## Dataset excerpts:
^^^^^^^^^^^^^^^^

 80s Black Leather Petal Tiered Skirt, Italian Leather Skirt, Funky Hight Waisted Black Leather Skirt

^^^^^^^^^^^^^^^^

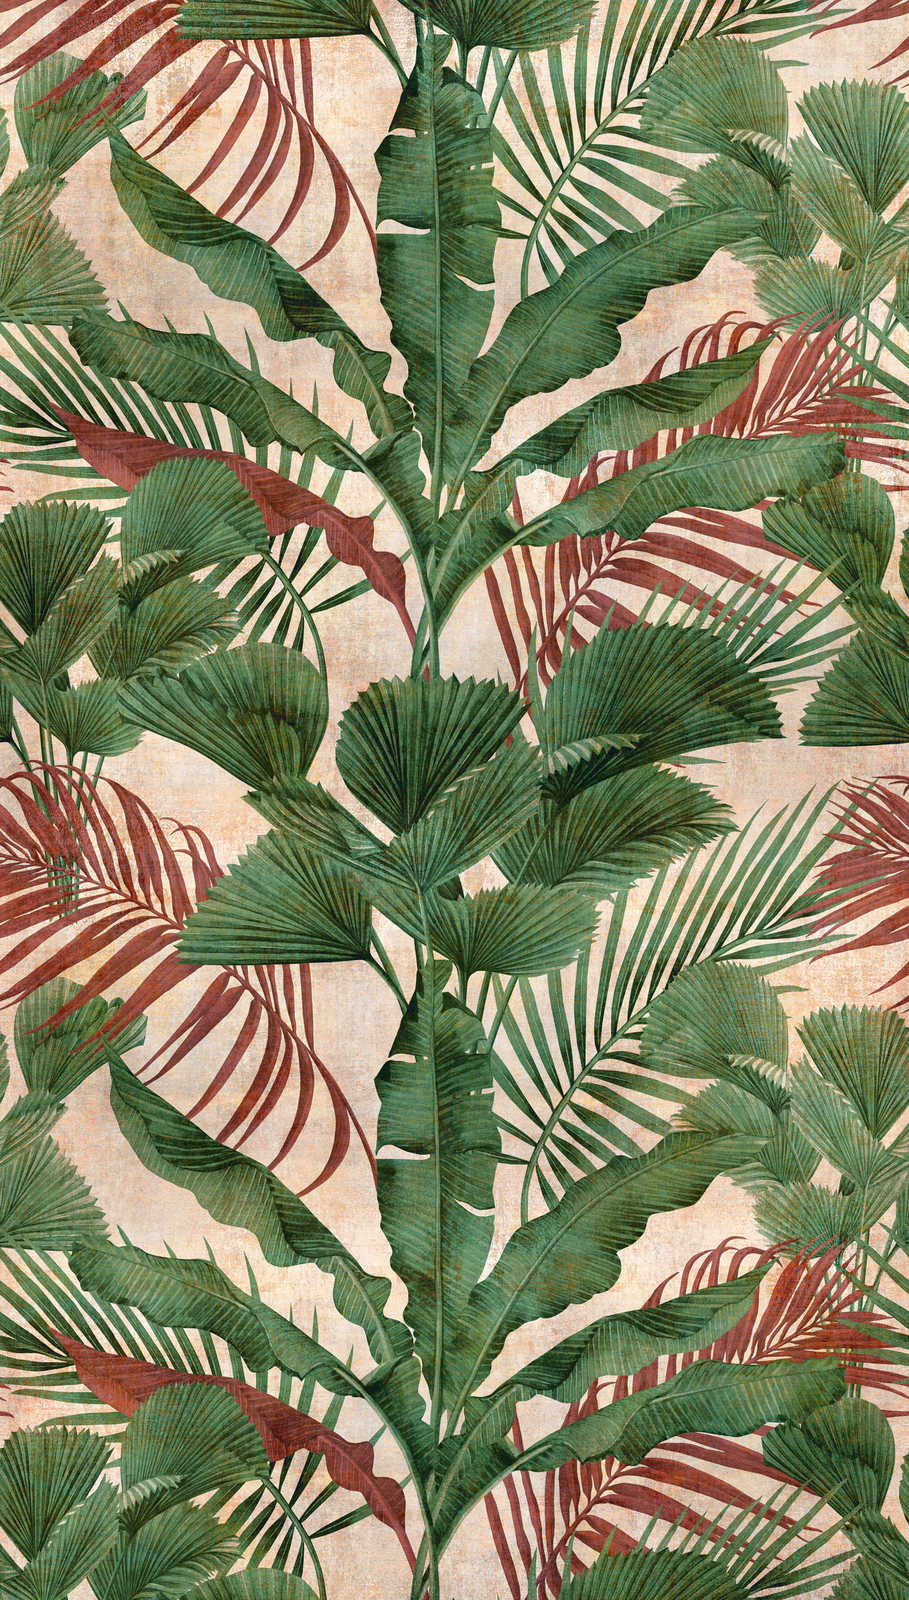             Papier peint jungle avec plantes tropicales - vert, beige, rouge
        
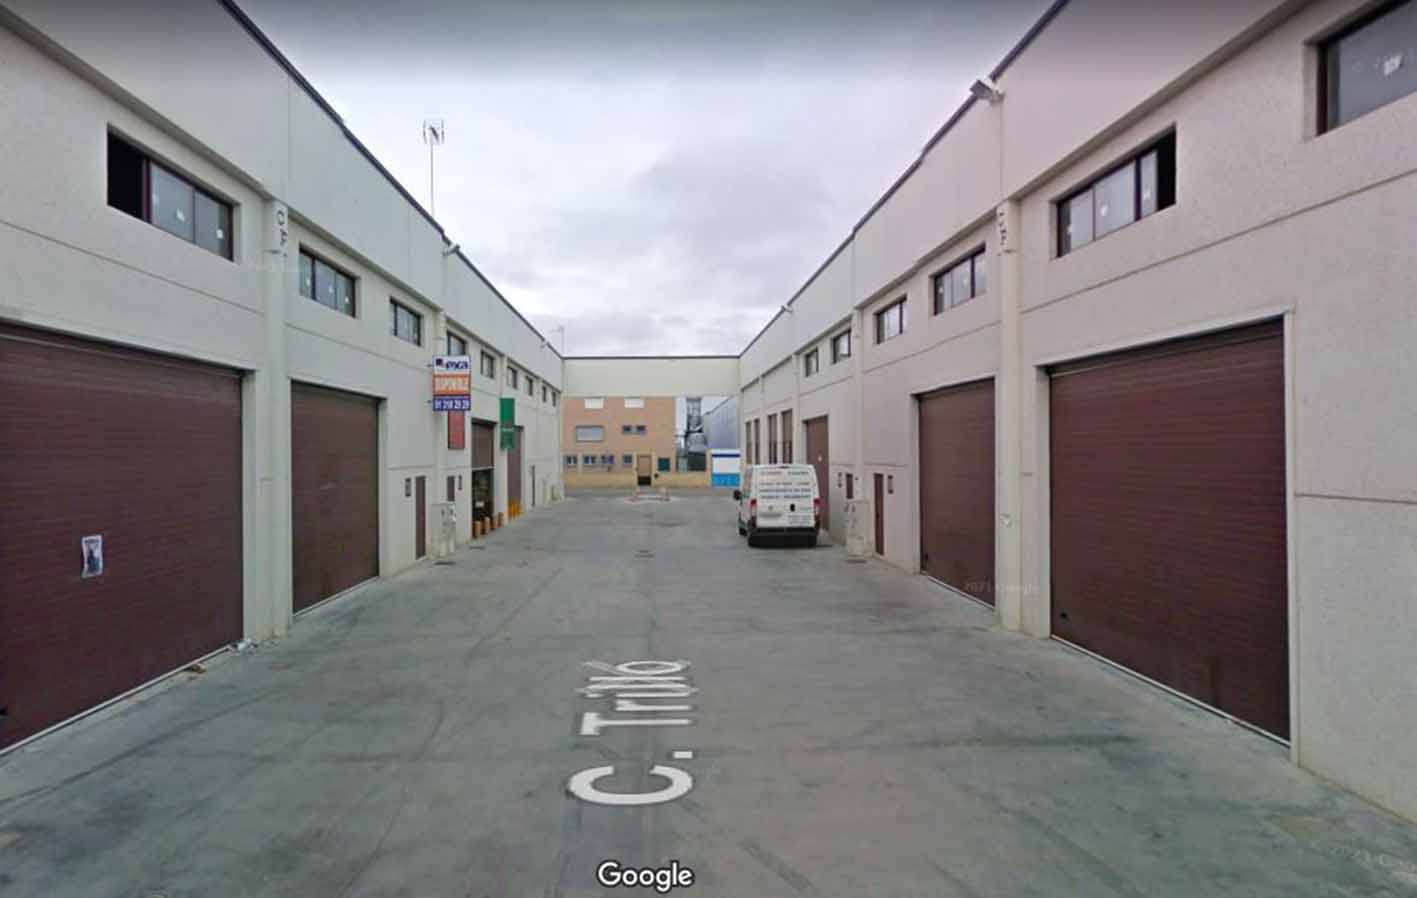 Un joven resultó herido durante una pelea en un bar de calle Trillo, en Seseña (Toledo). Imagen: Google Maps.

^^^^^^^^^^^^^^^^

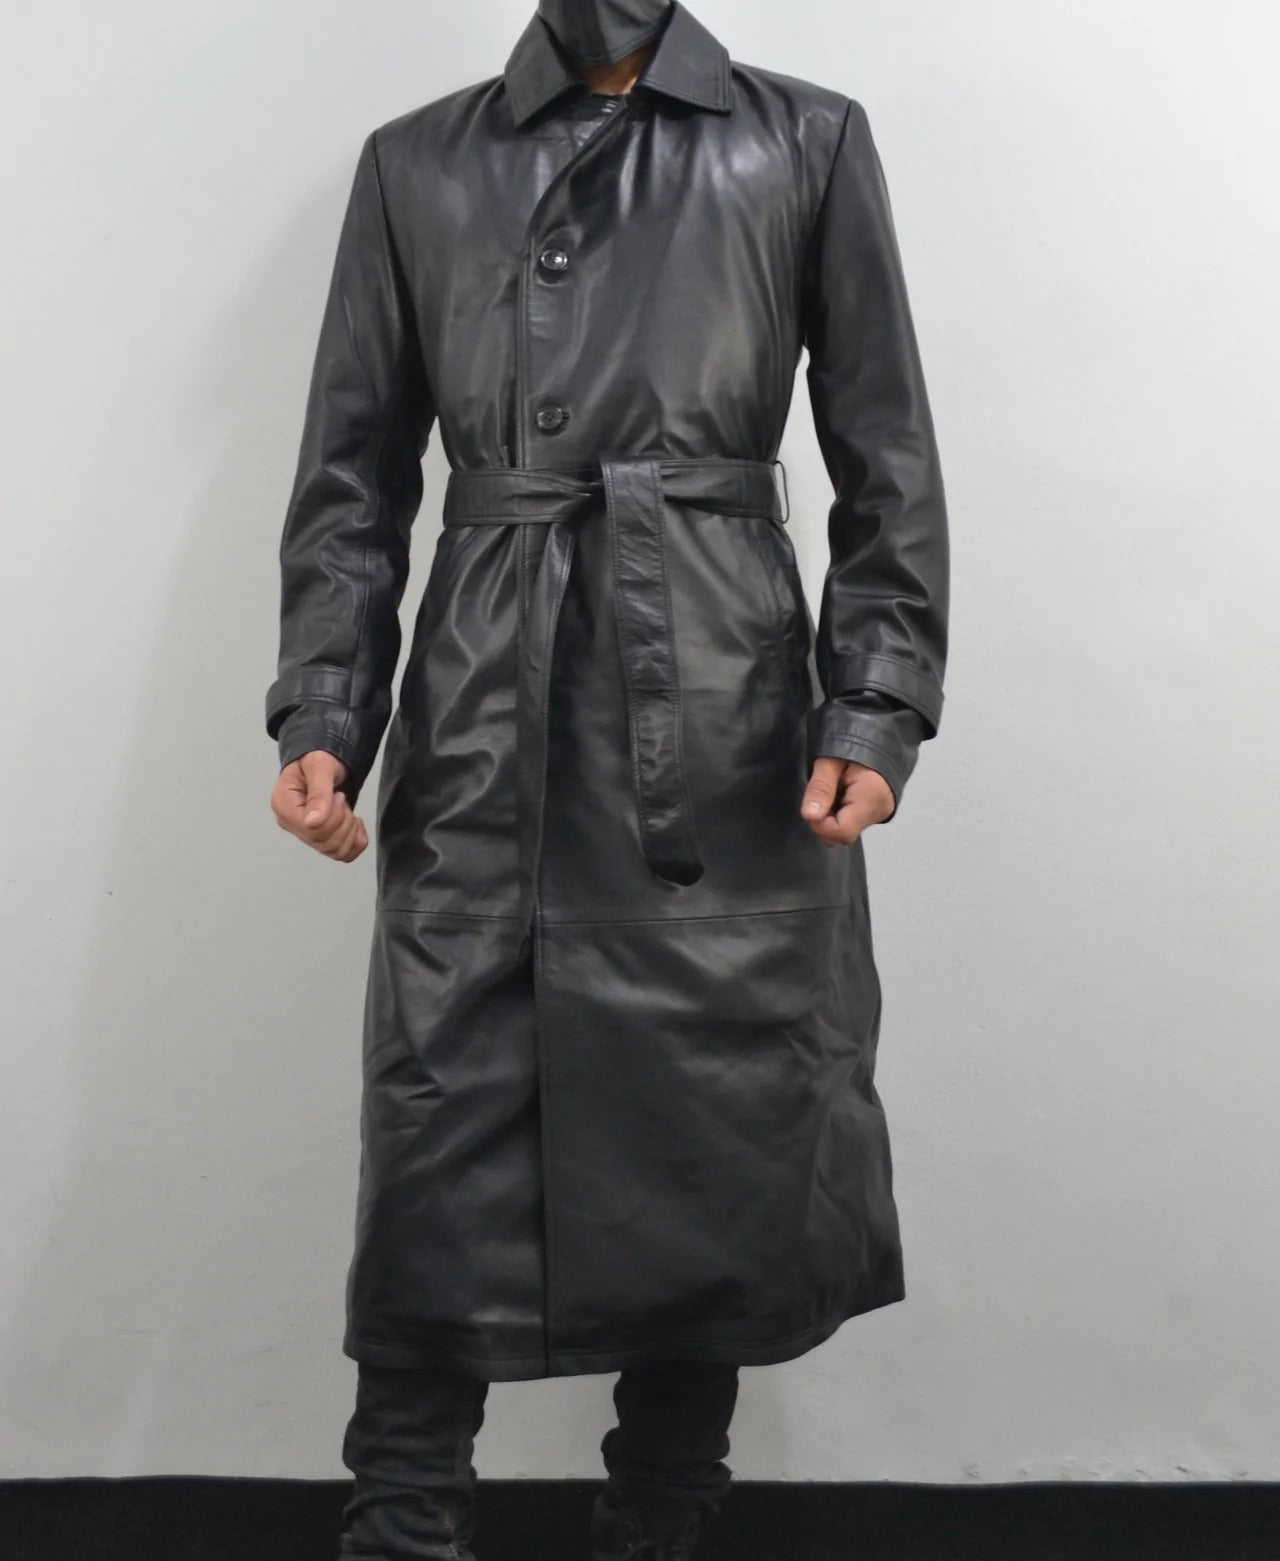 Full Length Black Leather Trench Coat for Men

^^^^^^^^^^^^^^^^

## Task:
In the listing above, find the line with "Papier peint jungle" and the line with "Un joven resultó". Copy exactly those two and every line between, without the pictures.

## Result of this task:
             Papier peint jungle avec plantes tropicales - vert, beige, rouge
        
 Un joven resultó herido durante una pelea en un bar de calle Trillo, en Seseña (Toledo). Imagen: Google Maps.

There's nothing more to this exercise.